NEW SINGLE-FAMILY SALES DROP 4.7%

NEW SINGLE-FAMILY SALES DROP 4.7% IN APRIL; MORTGAGE RATES REMAIN HIGH

By JACK WALSH

Jack Walsh is an associate editor for RISMedia.

Across the U.S., sales of single-family homes declined 4.7% to a seasonally adjusted rate of 634,000 in April, and overall sales were down 7.7% year-over-year, too, according to data released by the U.S. Census Bureau.

Delving deeper, the median sales prices of new homes sold in April was $433,500, down 1.4% from March, though still up 3.9% from a year ago. The average sales price of new homes sold last month was $505,700.

Additionally, new single-family home inventory remained aloft in April at 480,000, still up 12.1% from a year ago, representing 9.1 months’ supply at the current building pace.

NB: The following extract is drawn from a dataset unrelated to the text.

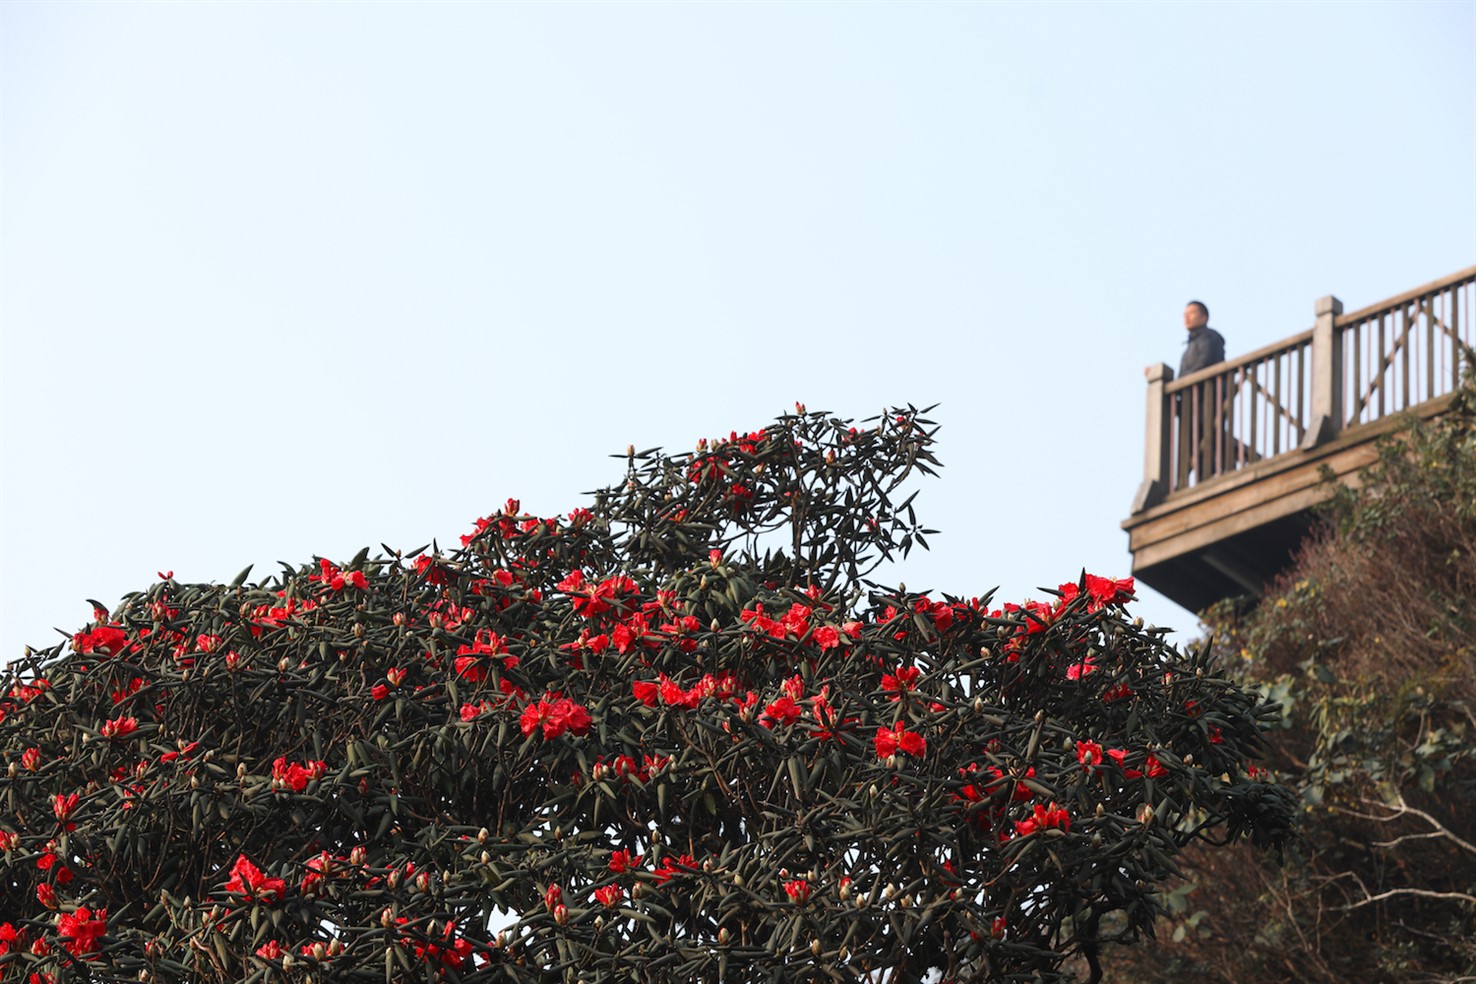 Khi tháng 4 về, những bông loa kèn trắng ngần ngợp đầy các con phố Hà Nội, cũng là lúc từng vạt rừng Hoàng Liên, Sa Pa rực lên sắc đỏ của loài hoa đỗ quyên quý hiếm.

“As the inventory of existing homes has increased, homebuyers have choices and demand for new construction has cooled slightly,” said Bright MLS Chief Economist Dr. Lisa Sturtevant. “We can also see the inventory of unsold new construction also building up. At the end of April, the new home inventory was 12.1% higher than a year ago, the biggest year-over-year supply gain since December 2022.

“At the same time that supply is starting to increase, demand is being challenged by 7% mortgage rates and affordability ceilings,” she continued. “Homebuilders have been offering concessions and building smaller homes in response to the tight conditions some homebuyers are facing.”

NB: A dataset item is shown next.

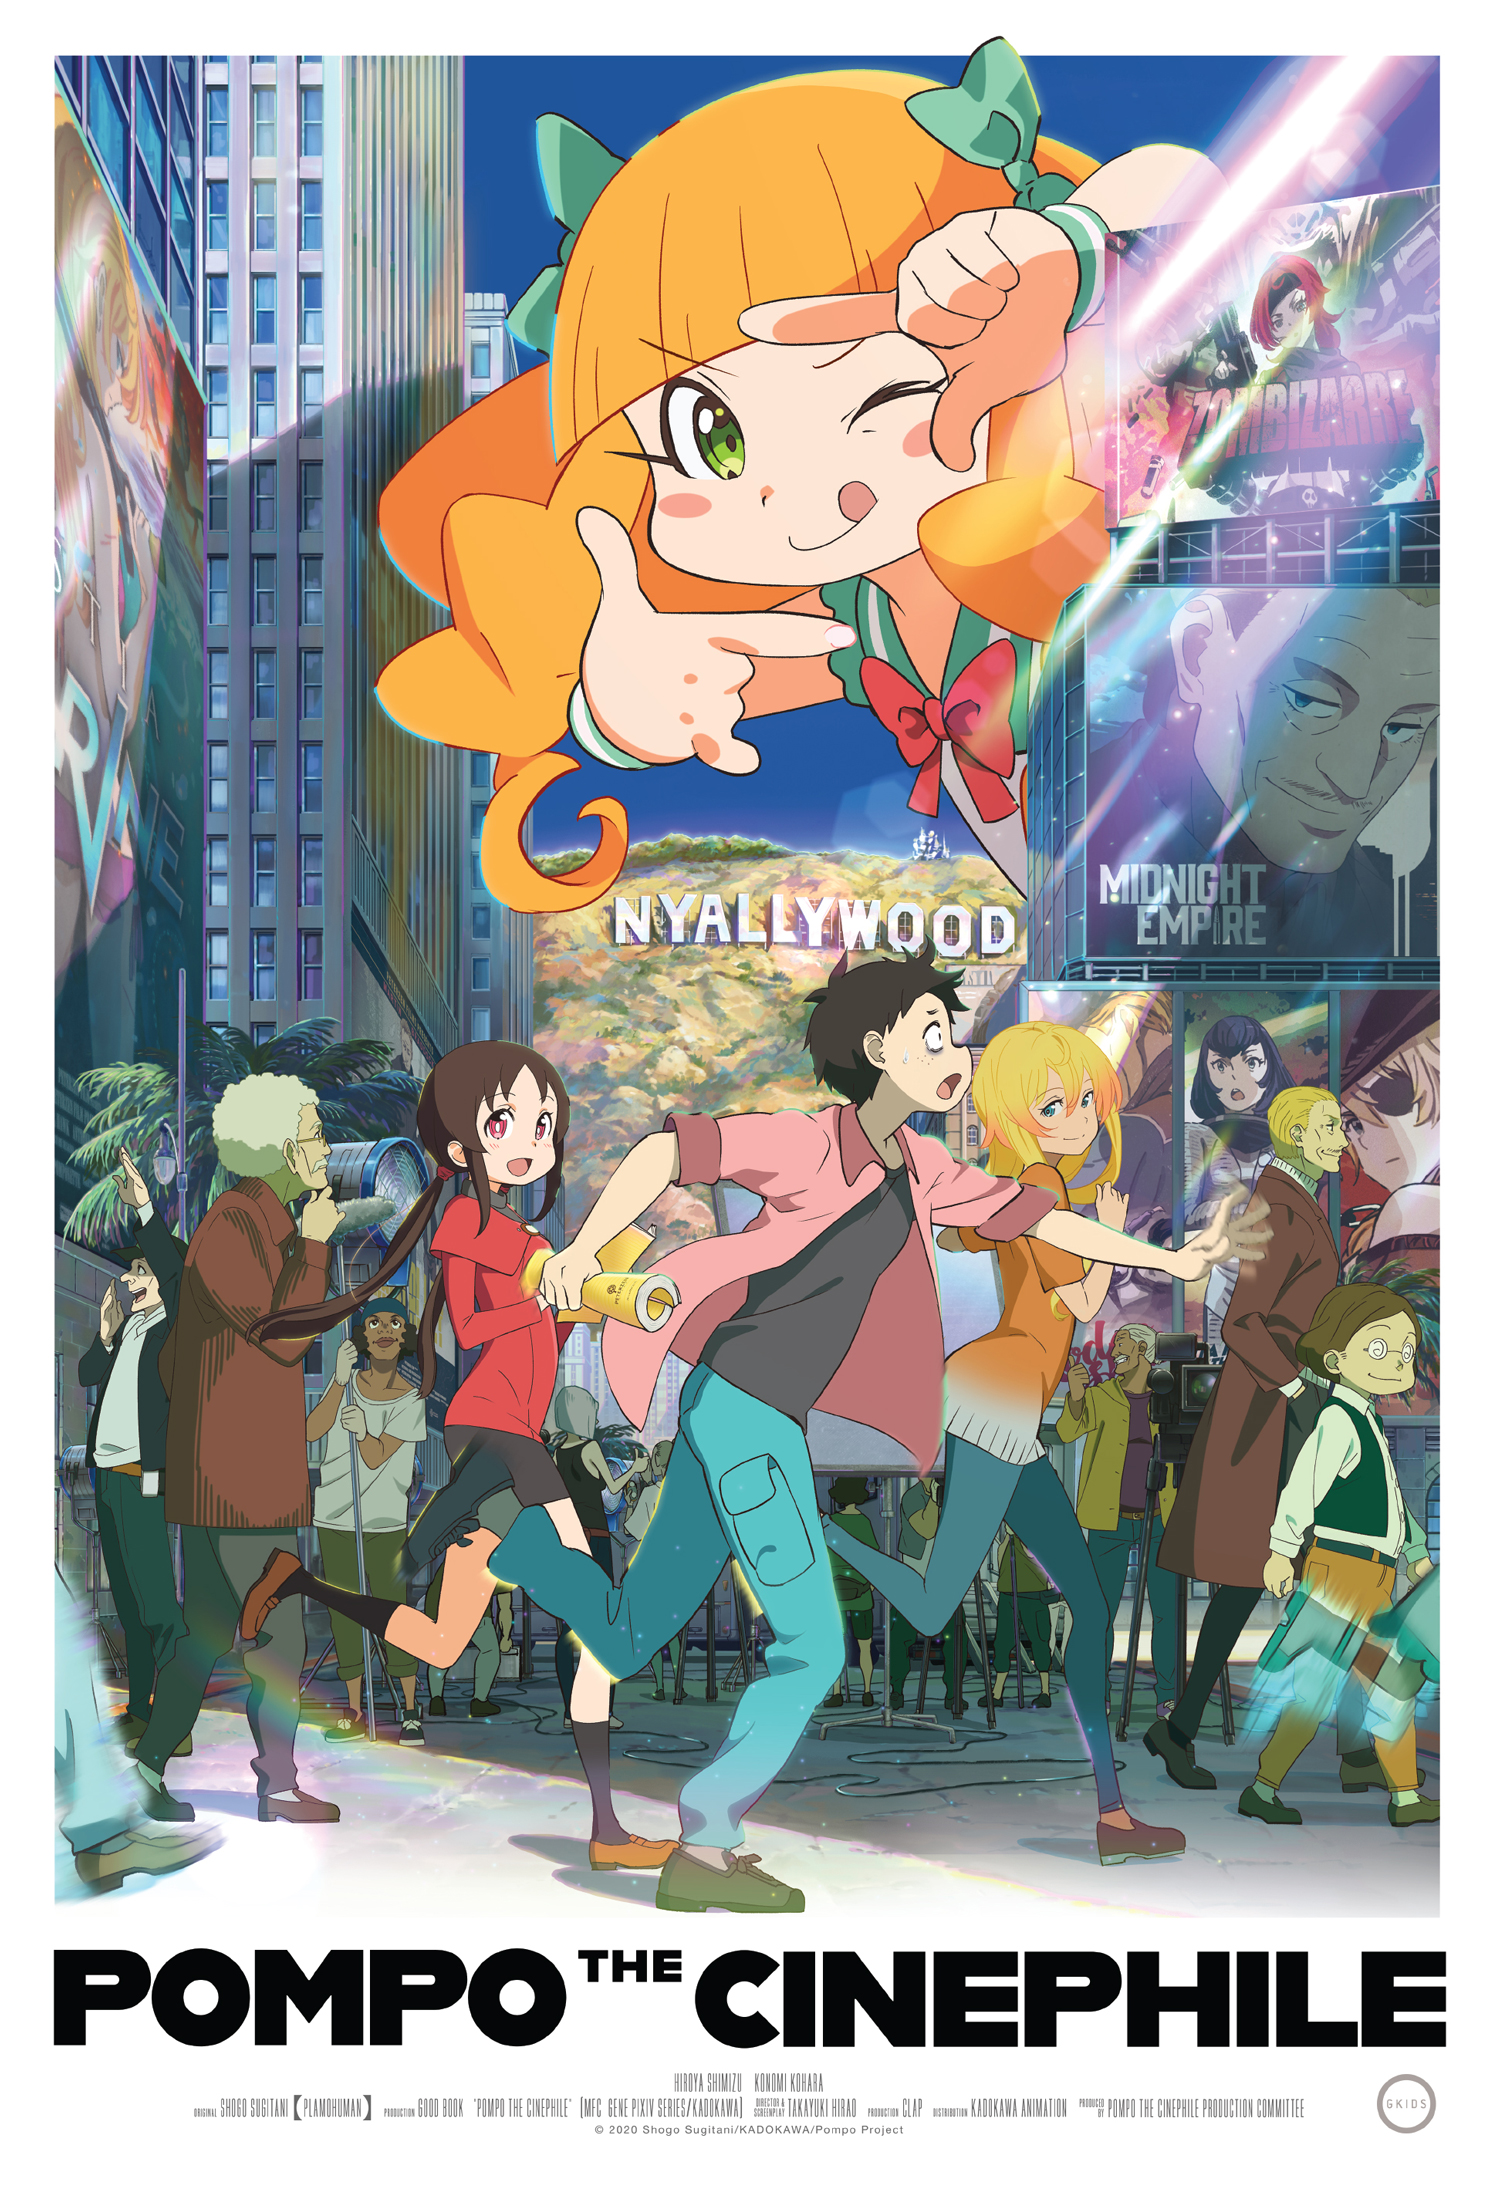 Das offizielle Filmplakat für die GKIDS US-Veröffentlichung des Anime-Kinofilms Pompo the Cinephile.  Das Poster zeigt Pompo im Hintergrund, die mit ihren Fingern einen Kamerasucher formt, während die anderen Hauptfiguren im Vordergrund durch die geschäftigen Straßen der Großstadt Nyallywood schlurfen.

As mortgage rates have remained mostly unchanged in recent weeks, homebuyers have stayed cautious in making purchases, leading to a lower rate of home sales overall. But Carl Harris, chairman of the National Association of Home Builders (NAHB), believes that rates will change in the coming months.

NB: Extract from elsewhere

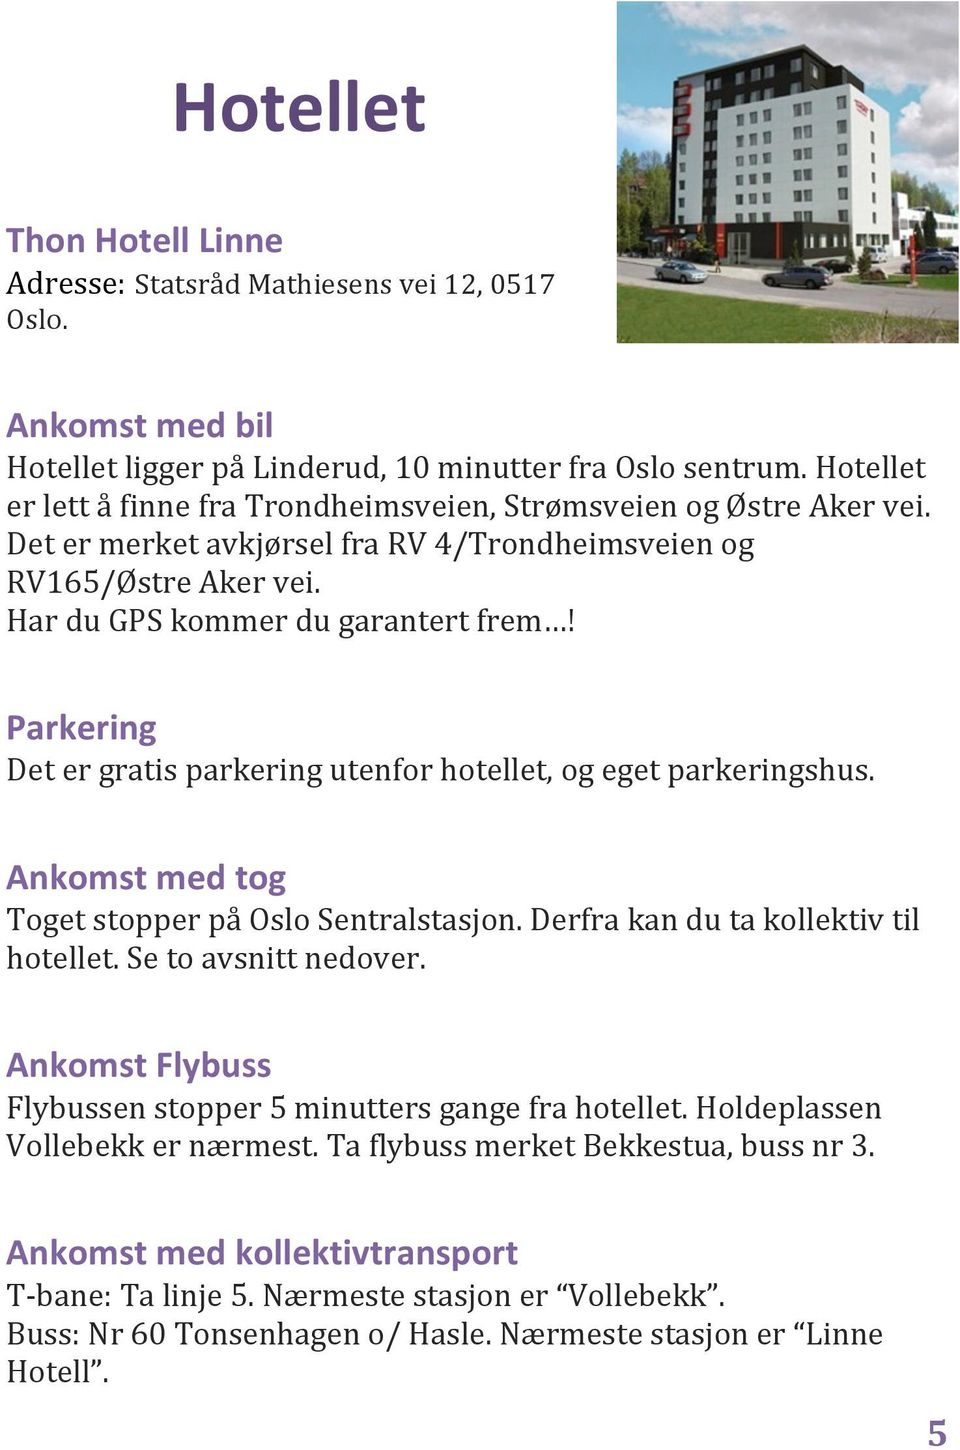 Parkering Det er gratis parkering utenfor hotellet, og eget parkeringshus. Ankomst med tog Toget stopper på Oslo Sentralstasjon. Derfra kan du ta kollektiv til hotellet. Se to avsnitt nedover.

“The last four weeks mortgage rates have been above 7% and this is clearly causing many potential homebuyers to sit on the fence,” he said. “However, in the weeks and months ahead, we expect mortgage rates to fall below 7%. Moderating rates, along with a dearth of existing inventory, should help new home sales recover as new construction will be needed to meet the demand for homes, especially during this crucial spring/summer season.”